The answer to a good research question should produce knowledge that people will care about.
Addressing the question should (help) solve a problem, make a decision, or clarify/challenge our understanding of the world.
But an interesting question is not enough.
A good research design is a practical plan for research that makes the best use of available resources and produces a credible answer.
The quality of a research design can be assessed by how well it produces results that can be used to guide policy and improve science:
A great research design produces results that clearly point in certain directions that we care about.
A poor research design produces results that leave us in the dark — results with confusing interpretation.
All research design involves theory, whether implicit or explicit.
Why do the research? We have implicit theories and values which guide the questions we ask. Our questions are value laden: For example, social scientists studied marijuana use in the 1950s as a form of “deviance”, the questions focused on “why are people making such bad decisions?” or “how can policy makers prevent marijuana use?” (see Becker (1998)).

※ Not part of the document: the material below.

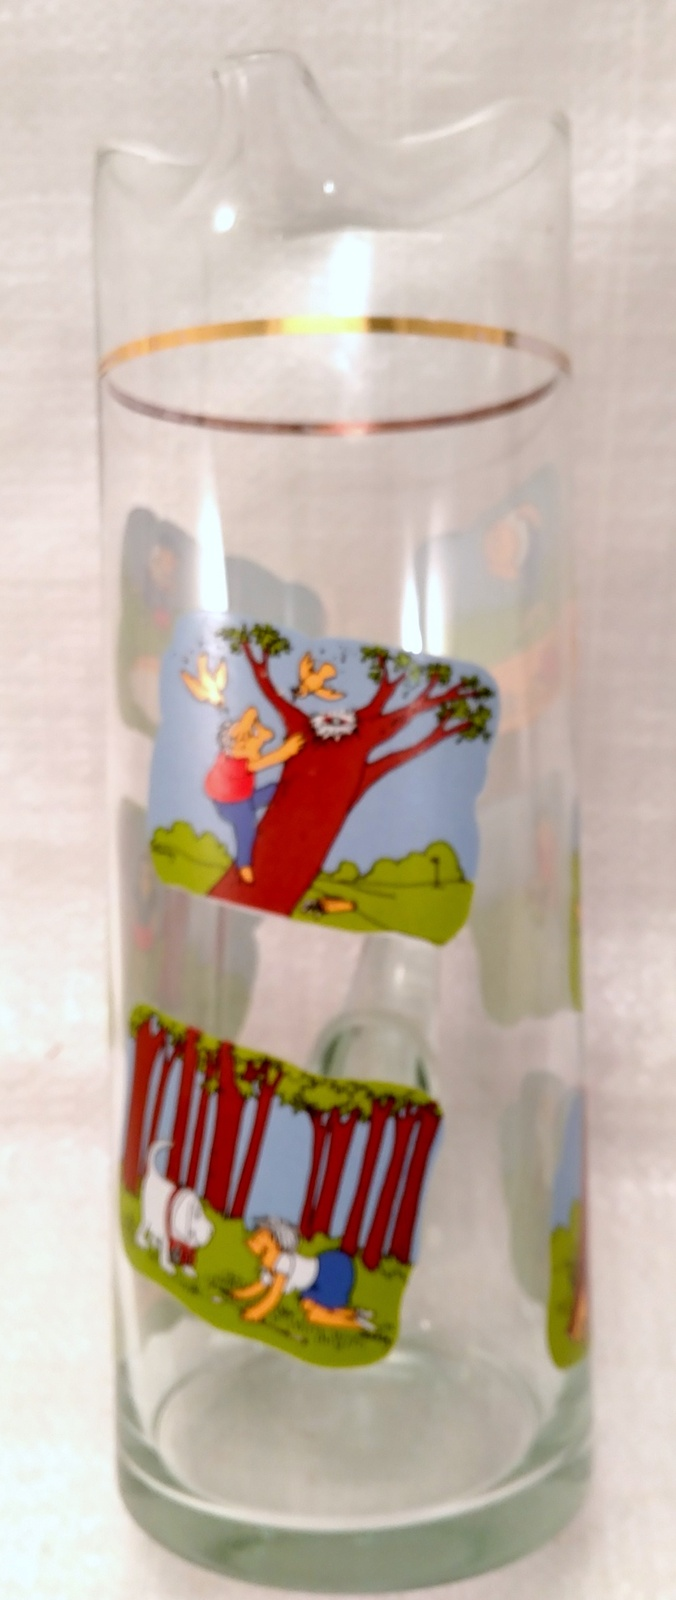 Golfer Martini Pitcher Glass Beaker Style Barware - Ashby Golf Cartoon

Why do the research? We might want to change how scientists explain the world and/or change the policy decisions in (a) one place and time and/or (b) in other places and times.
Research focused on learning the causal effect of \(X\) on \(Y\) requires a model of the world: how might intervention \(X\) might have an effect on some outcome \(Y\), and why, and how large might be the effect. It helps us think about how a different intervention or targeting different recipients might lead to different results.
Our theories and models are important not just for generating hypotheses, but for informing design and strategies for inference.
Designing research will often clarify where we are less certain about our theories. Our theories will point to problems with our design. And questions arising from the process of design may indicate a need for more work on explanation and mechanism.
From this point forward, we will use \(T\) for treatment or what we want to learn the effect of. We will use \(X\) to refer to background variables.
Your treatment (\(T\)) and control (not \(T\)) need to clearly connect to your research question. (See the module on Measurement.)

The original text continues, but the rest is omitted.